В библиотеке Дома флота встретил Амелина. Уже капитан. Растет человек.

— Ну вот, это дело, даже не заходишь. С глаз долой — из сердца вон! Нешто мы тебе чужие? Ты ведь, это дело, у нас вырос... Ребята завели специальный альбом, вырезают твои стихи из газет и расклеивают. Взглянул бы, это дело, на свое собрание сочинений. Не чурайся. Может, что не так было — не держи обиды. Всякое бывает. Нешто мы не люди...

Киса́ туго набита, затянута шнуром. Шкипер выдал все, что положено: и одел, и обул, и на дорогу дал.
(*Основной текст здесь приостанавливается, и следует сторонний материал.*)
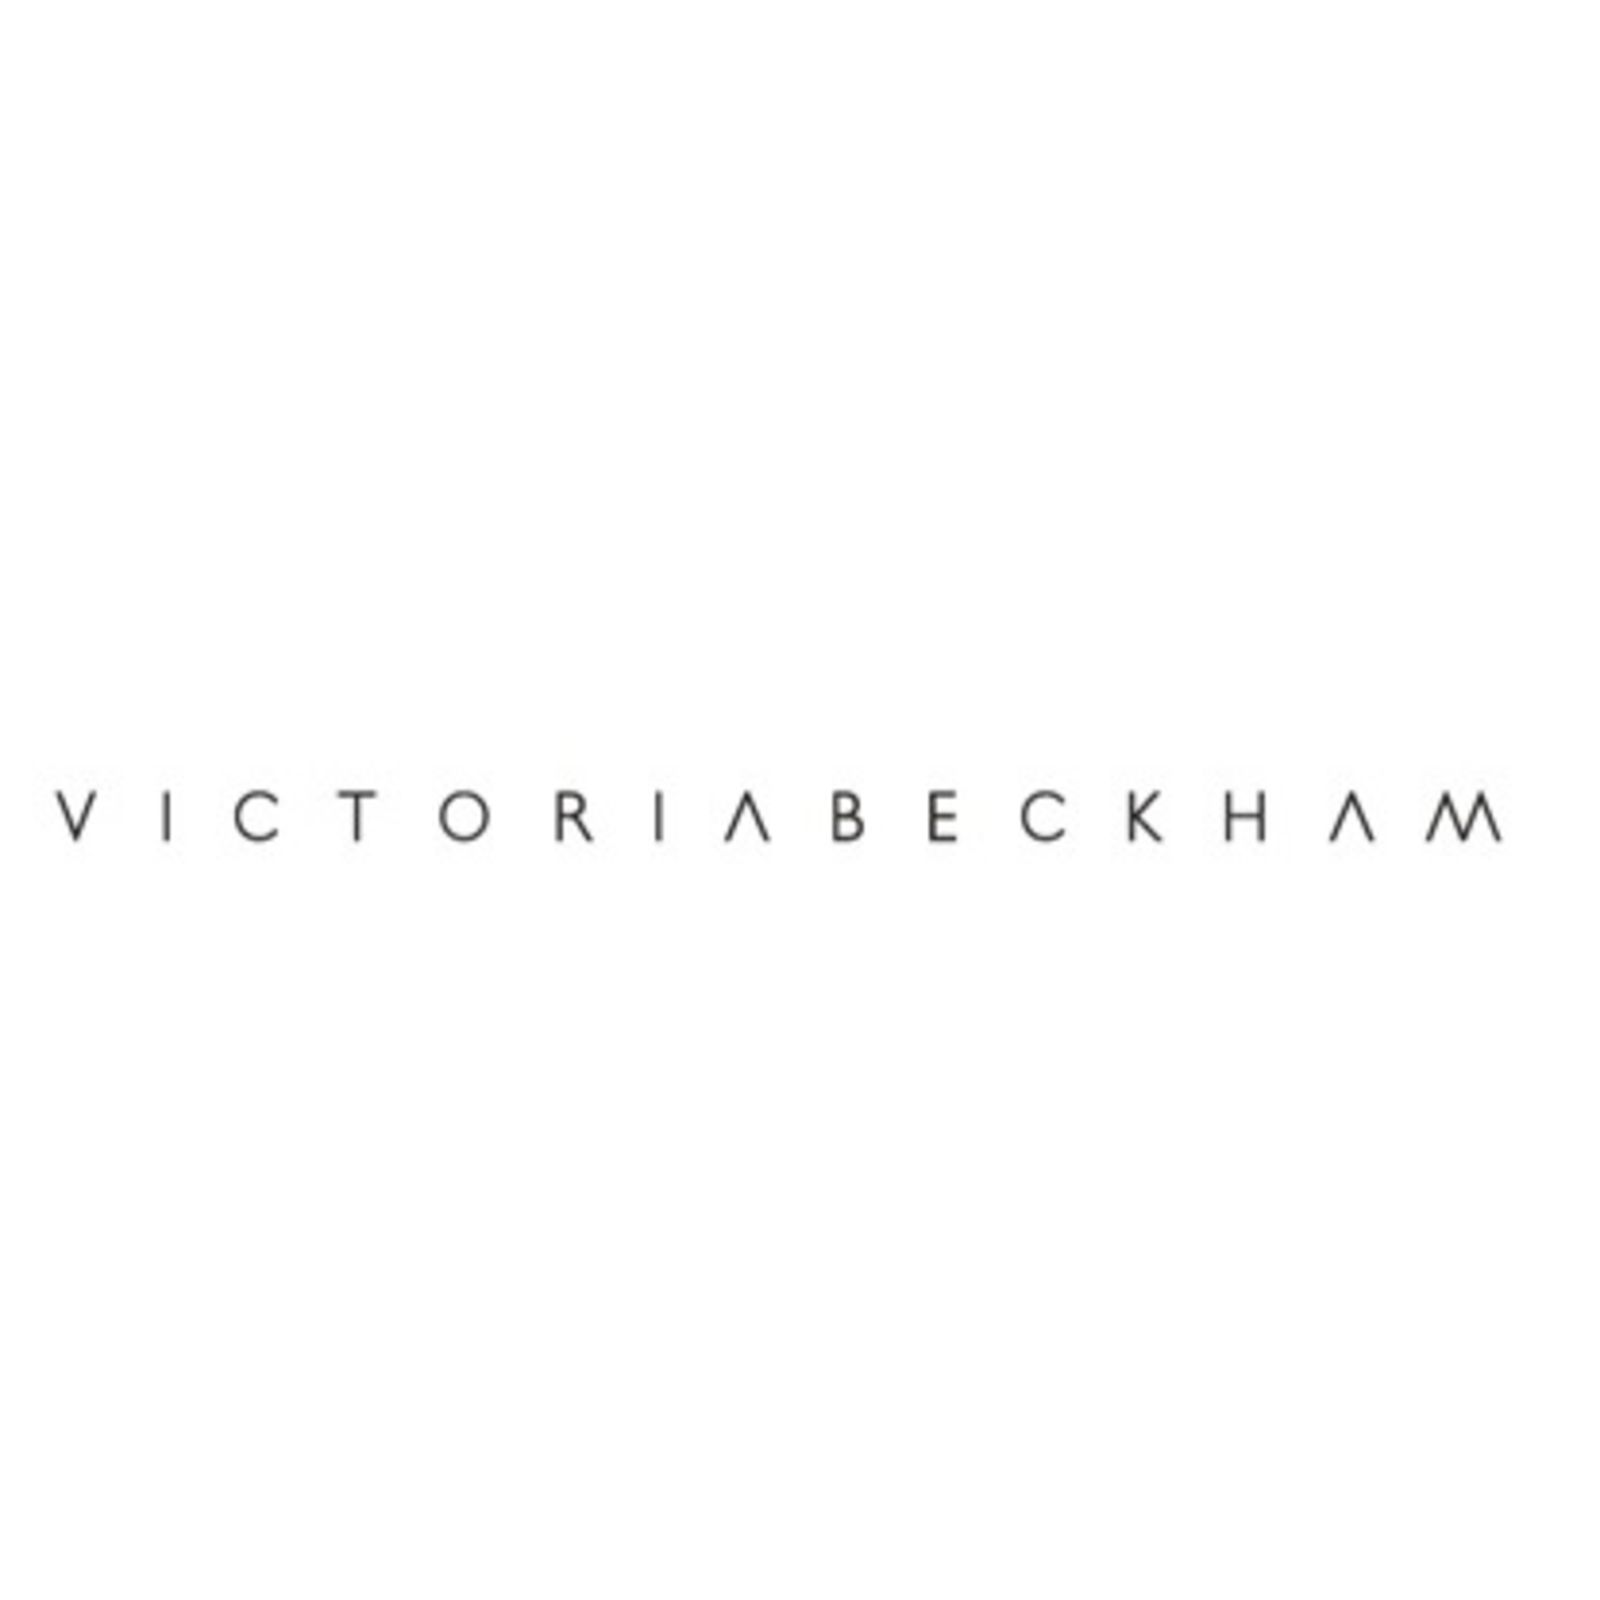 VICTORIA BECKHAM (Image 1)

С командиром выпили по «лампадочке». Ребятам пожал руку.

— Не поминайте лихом!

Вышел на палубу, положил ладонь на теплый поручень, поблагодарил «Добрыню Никитича» за ласку, за хлеб я соль, за броню, что укрывала от непогоды.

Когда сошел на пирс, сигнальщик с мостика написал флажками:

— Счастливого плавания!

Даже задохнулся, будто чем ударили под ложечку. Наклонил голову, покачал ею, потер рукой горло, загмыкал, прогоняя густо подступившую горькоту.

1960-1962 гг.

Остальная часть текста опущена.